Very Handsome boy! I like the big link better for looks, I agree they would look better on him.


----------



## littledmc17 (Apr 9, 2008)

My Boy is mostly Black I have a stainless on him and looks so good


----------



## Chris Wild (Dec 14, 2001)

Color/material is just personal preference. Kaiser has a brass one, but I've found it has dulled and corroded a bit with age. They need regular polishing to keep them looking sharp, at least the one we have does (it's a HS). The rest of the dogs have stainless. If I were to buy new fur savers, I'd probably go with currogan. I actually want to get a couple currogan pinch collars to when we need to replace some pinches. Very neat looking color, and from what I've been told they don't seem to dull and corrode like the brass can.

For Bison, big or small link doesn't matter, though I think big link would look better. But do make sure to get heavier gage links, not the really thin ones.


----------



## Liesje (Mar 4, 2007)

I think that the price pretty much reflects the quality. So far I've used cheaper fursavers since Nikon was growing so fast. I want a curogan one, I've been told those are the best but also the most expensive. I also want the curogan prong. When I win the lottery, lol...

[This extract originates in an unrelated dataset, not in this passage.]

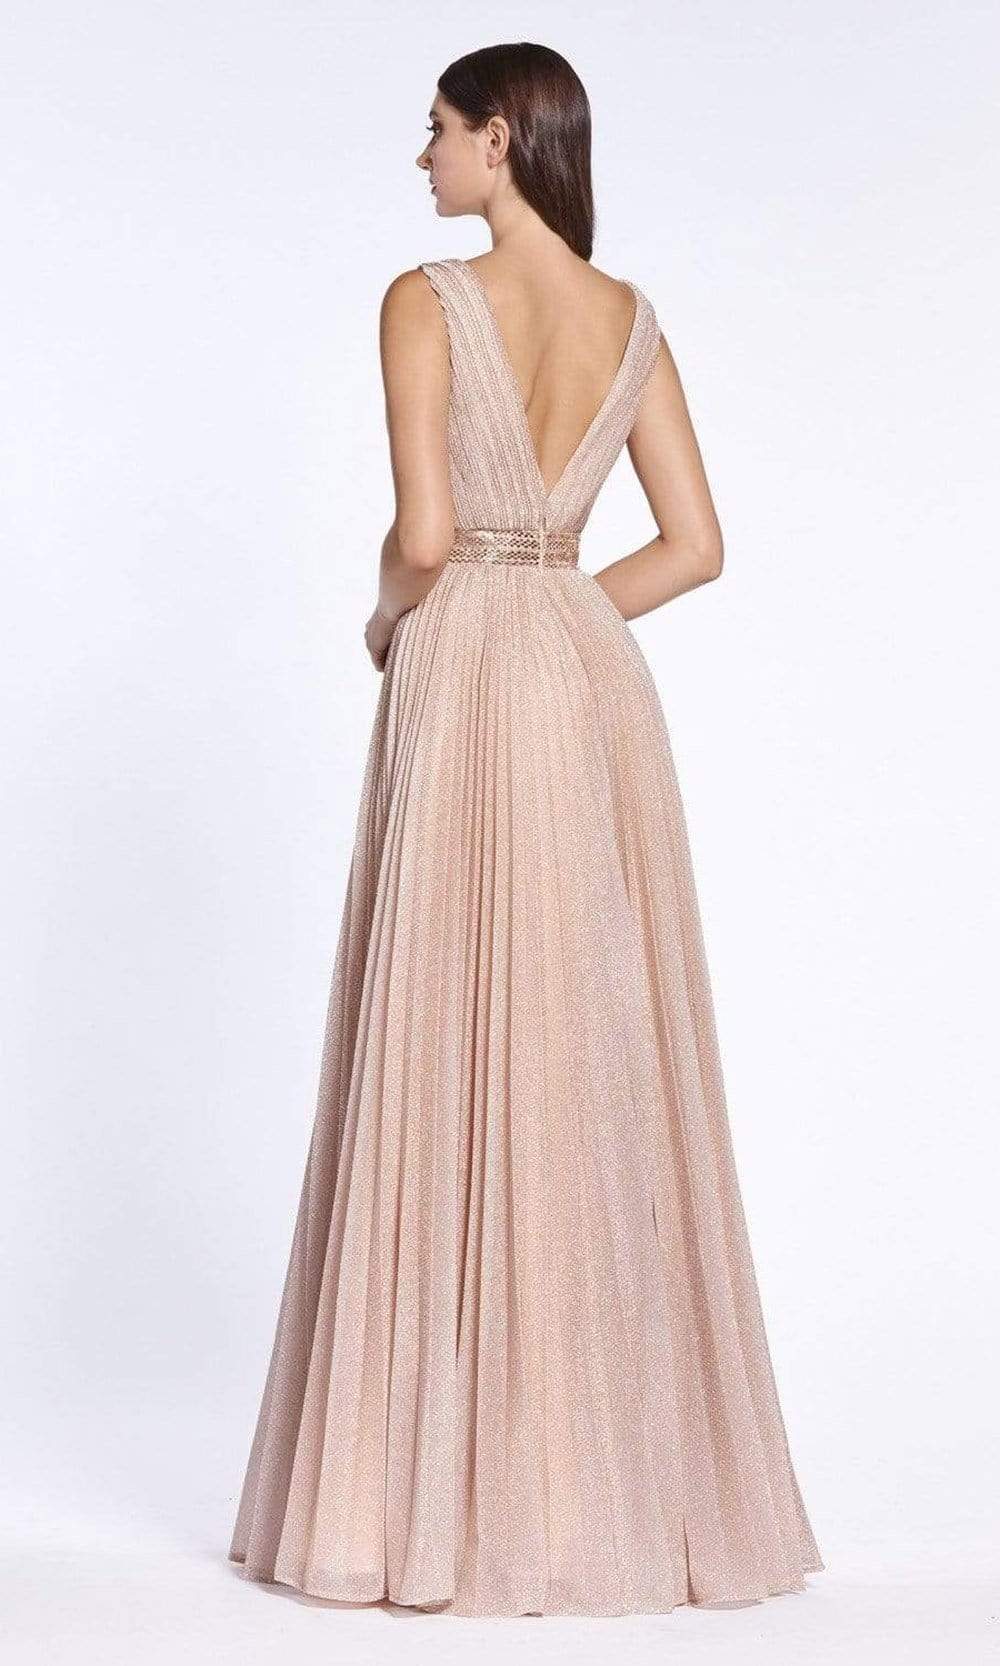 Cinderella Divine - V-Neck and Back Pleated Metallic Finish A-line Gown CM9086SC In Pink and Neutral

I finally found a 25" HS Fursaver at a petstore so I bought it but now I can't find it, grrrr! I need a bigger one (the one I have on Nikon is a 21" with smaller links and it's getting hard to get off plus for shows they use very large, loose ones) but hate paying $12 for a collar and $5 for shipping.


----------



## BlackGSD (Jan 4, 2005)

In case you haven't seen a curogan one on a dog, here are a couple of pics. If you belong to a SchH club, I would see if a club member would let you try their fur saver on YOUR dog.

Your guy looks like he has a decent sized head. The one on Siren in the pics is a 21 inch and it is too small. I can just BARELY sqeeze it on over her head. So SHE really needs a 23inch herself. 










Here is a close up:


----------



## Ruthie (Aug 25, 2009)

Love the curogan (and love Siren! Her coloring is really cool). Hopefully DH didn't place the order yet or can cancel. JKlatsky, thanks for the tip on measuring. I measured with the flat collar and I could easily slip it over his head at 21". That didn't sound right, so I remeasured his neck where his flat collar sits and it was 18". So based on that I should buy a 21" right?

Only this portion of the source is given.